Our Teacher's Union also represents a vast majority of State Employees and some of their power was recently striped away since our newly elected Republican governor took office. I am not a union member - never really saw much interest in joining - but I can see the purpose behind them. It's really about having a voice in government whether at the local or state level. The way I see it in every state that is now taking up this fight to "get their financial house in order", state employees are being used as the scapegoats for all things "over budget". To cut costs, I'm seeing that most states are implementing the following tactics:
- freezing pay raises.
- freezing new hiring.
- increasing health insurance premiums while also reducing health benefits (or removing benefits, yet keeping premiums the same).
- limiting the collective bargaining power of state unions
- changing investment strategies for active (and retired) state employee 401(k) plans (in some cases increasing mandatory contribution levels) or proposeing dropping 401(k)'s altogether
In every state I've looked at where state budget woes are a key factor, issues surrounding state employees and their benefits are the focal point. But what cuts have these states actually sought to get their financial houses in order other than attacking the salaries and/or benefits of state employees? Seems to me few states have attempted to truly address the root causes of their financial woes, i.e., their investment strategies, their tax policies, the excesses within their state congressional budgets (i.e., are State Representative's salaries being frozen? Are their benefits being reduced? Are they coming out of pocket to pay more and do with less?)
In every instance, it is the State employees, teachers and public school systems that are being attacked, but it's not these individuals or entities that are the root causes of the State's financial woes. It has been over-spending, lack of proper tax codes, not balancing their own state budgets for years and a host of other problems where the salaries of state employees have very little economic impact as far as state budget shortfalls are concerned.
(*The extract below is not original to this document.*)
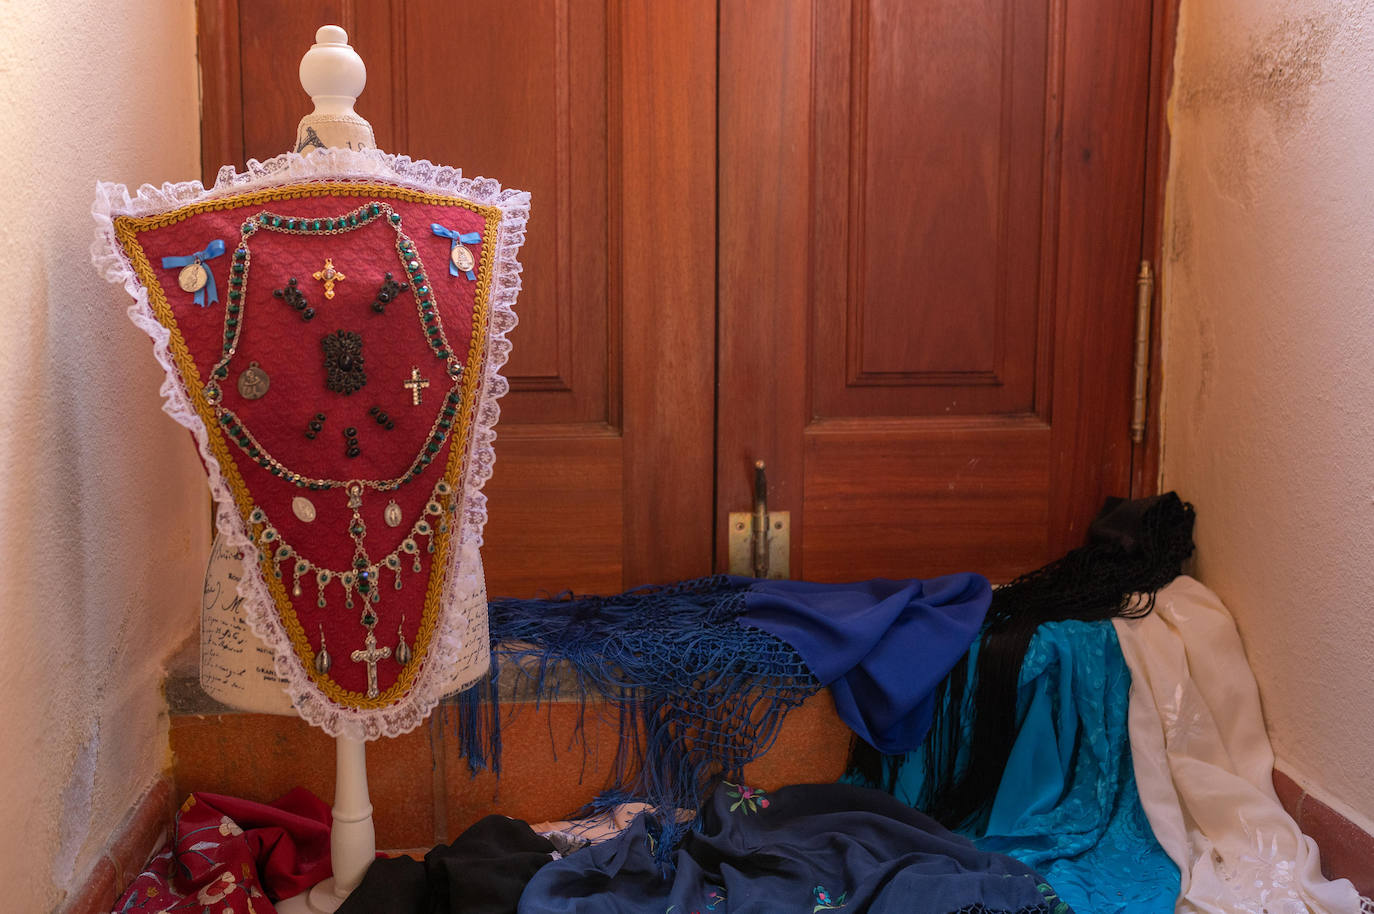 Fotos: Exposición de vestimenta tradicional en Ingenio

Now, let me be fair on this matter where the hierarchy of state employees are concerned: the Governor is their boss! As such, he (or she) has every right to direct state matters as he/she sees fit. However, our national Constitution in some ways trump state Constitutions. Therefore, all state employees have the right to peacefully assemble and have their voices heard. To that, Gov. Walker, in attempting to eliminate the collective bargaining power of Wisconsin state employees, is in effect not only trying to silence state employees, he's also trying to destroy their only means of fair representation within their state legislator. That is wrong!! What he and other Governors are attempting to do (or in the case of my own state Governor, has done) is create a dictatorship - the very form of (federal) government many people (Conservatives) claim they themselves despise! It's not enough to reduce or hold wages or cut benefits of state employees. Our voices are also being silenced by state government's quest to remove the only voice state employees have to advocate on their behalf.
Write your Congressman you say? How can I do that when it's the very "representative" who's attempting to take away my income, my benefits and most importantly my voice!!!???
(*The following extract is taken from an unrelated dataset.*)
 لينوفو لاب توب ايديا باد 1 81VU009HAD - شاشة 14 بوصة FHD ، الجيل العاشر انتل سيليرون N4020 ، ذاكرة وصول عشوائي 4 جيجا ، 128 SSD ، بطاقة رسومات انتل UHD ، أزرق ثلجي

If you support freedom of speech, I really don't see how anyone can be against what's happening not only in Wisconsin, but in other places all across the country. Now, sure as state employees our salaries come from state taxes, but we're people just as anyone in the private sector, and for most of us doing the job of serving the public is personal. Very few of us receive pay equal to what someone in the private sector would receive if we were doing the exact same job. Not only that, but most of the state jobs (atleast in my state) are mandated by state law, i.e., public health departments, state transportation departments, highway patrols (state troopers), tourism departments (which in some states is separate from parks and recreation departments), human resources departments, etc., etc., etc. These agencies do a great service to the "PUBLIC". Without them, a great many things many of us take for granted within our states would fall apart. But for most of us, we do the job at a fraction of the pay we'd otherwise receive in the private sector. However, in many cases there is no competing job for the kind of work performed in state government within the private sector. So, whenever I hear the tired argument that "government (state or federal) can't do this or that better than the private sector," I shrug my shoulders and ask why hasn't the private sector sought to do the work of forrest rangers, state troopers, Boarder Patrol agents, Drug Enforcement agents, and a host of other service related jobs do? It's quite laughable when you really sit down and think about it. But I digress...
Gov. Walker isn't simply trying to "fix" his state's budget problems. He views state employee unions (and in effect, state employees) as the problem when, in fact, the problem within Wisconsin and several other states has been their own policies, taxation issues and over-spending for years. State employees are simply being used as the scapegoats.
Last edited by Objective Voice; 02-24-11 at 11:21 AM.
Thank you, Quazi!
Scott Walker ran on the platform he is implementing in Wisconsin and the election results gave him the authority to do what he said he would do. As we were told by Obama elections have consequences, "we won, you lost" except now when the election results went against the unions in Wisconsin. Public unions have no business having collective bargaining rights and FDR agrees.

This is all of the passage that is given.